Meta’s Next-Gen Model for Video and Image Segmentation

Share post:

Introduction

The era has arrived where your phone or computer can understand the objects of an image, thanks to technologies like YOLO and SAM.

Meta’s Segment Anything Model (SAM) can instantly identify objects in images and separate them without needing to be trained on specific images. It’s like a digital magician, able to understand each object in an image with just a wave of its virtual wand. After the successful release of llama 3.1, Meta announced SAM 2 on July 29th, a unified model for real-time object segmentation in images and videos, which has achieved state-of-the-art performance.

SAM 2 offers numerous real-world applications. For instance, its outputs can be integrated with generative video models to create innovative video effects and unlock new creative possibilities. Additionally, SAM 2 can enhance visual data annotation tools, speeding up the development of more advanced computer vision systems.

Meta’s Next-Gen Model for Video and Image Segmentation
SAM 2 involves a task, a model, and data (Image Source)

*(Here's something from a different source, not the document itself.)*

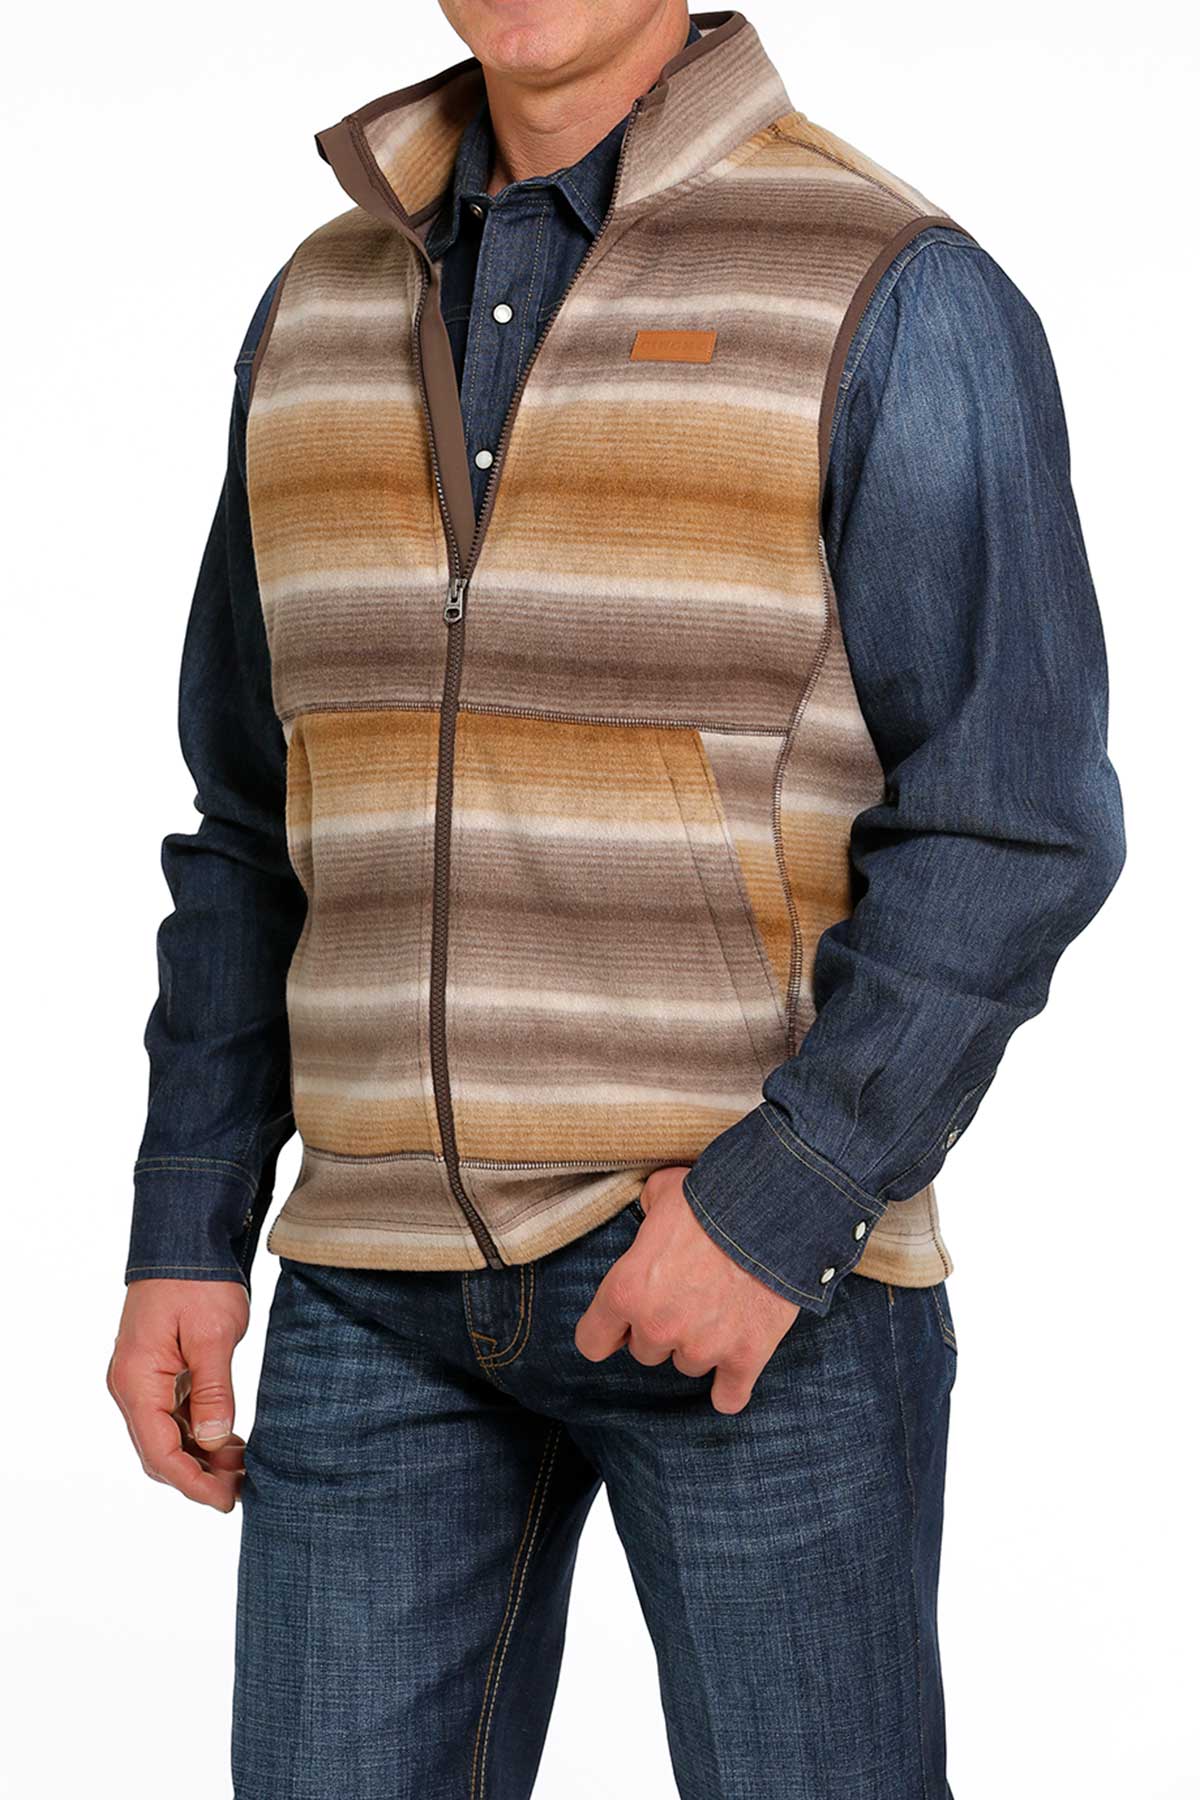 Tijdig vergeven vaardigheid Cinch' Men's Polar Fleece Vest - Brown – Trav's Outfitter

What is Image Segmentation in SAM?

Segment Anything (SAM) introduces an image segmentation task where a segmentation mask is generated from an input prompt, such as a bounding box or point indicating the object of interest. Trained on the SA-1B dataset, SAM supports zero-shot segmentation with flexible prompting, making it suitable for various applications. Recent advancements have improved SAM’s quality and efficiency. HQ-SAM enhances output quality using a High-Quality output token and training on fine-grained masks. Efforts to increase efficiency for broader real-world use include EfficientSAM, MobileSAM, and FastSAM. SAM’s success has led to its application in fields like medical imaging, remote sensing, motion segmentation, and camouflaged object detection.

Dataset Used

Many datasets have been developed to support the video object segmentation (VOS) task. Early datasets feature high-quality annotations but are too small for training deep learning models. YouTube-VOS, the first large-scale VOS dataset, covers 94 object categories across 4,000 videos. As algorithms improved and benchmark performance plateaued, researchers increased the VOS task difficulty by focusing on occlusions, long videos, extreme transformations, and both object and scene diversity. Current video segmentation datasets lack the breadth needed to ” segment anything in videos,” as their annotations typically cover entire objects within specific classes like people, vehicles, and animals. In contrast, the recently introduced SA-V dataset focuses not only on whole objects but also extensively on object parts, containing over an order of magnitude more masks. The SA-V dataset collected comprises of 50.9K videos with 642.6K masklets.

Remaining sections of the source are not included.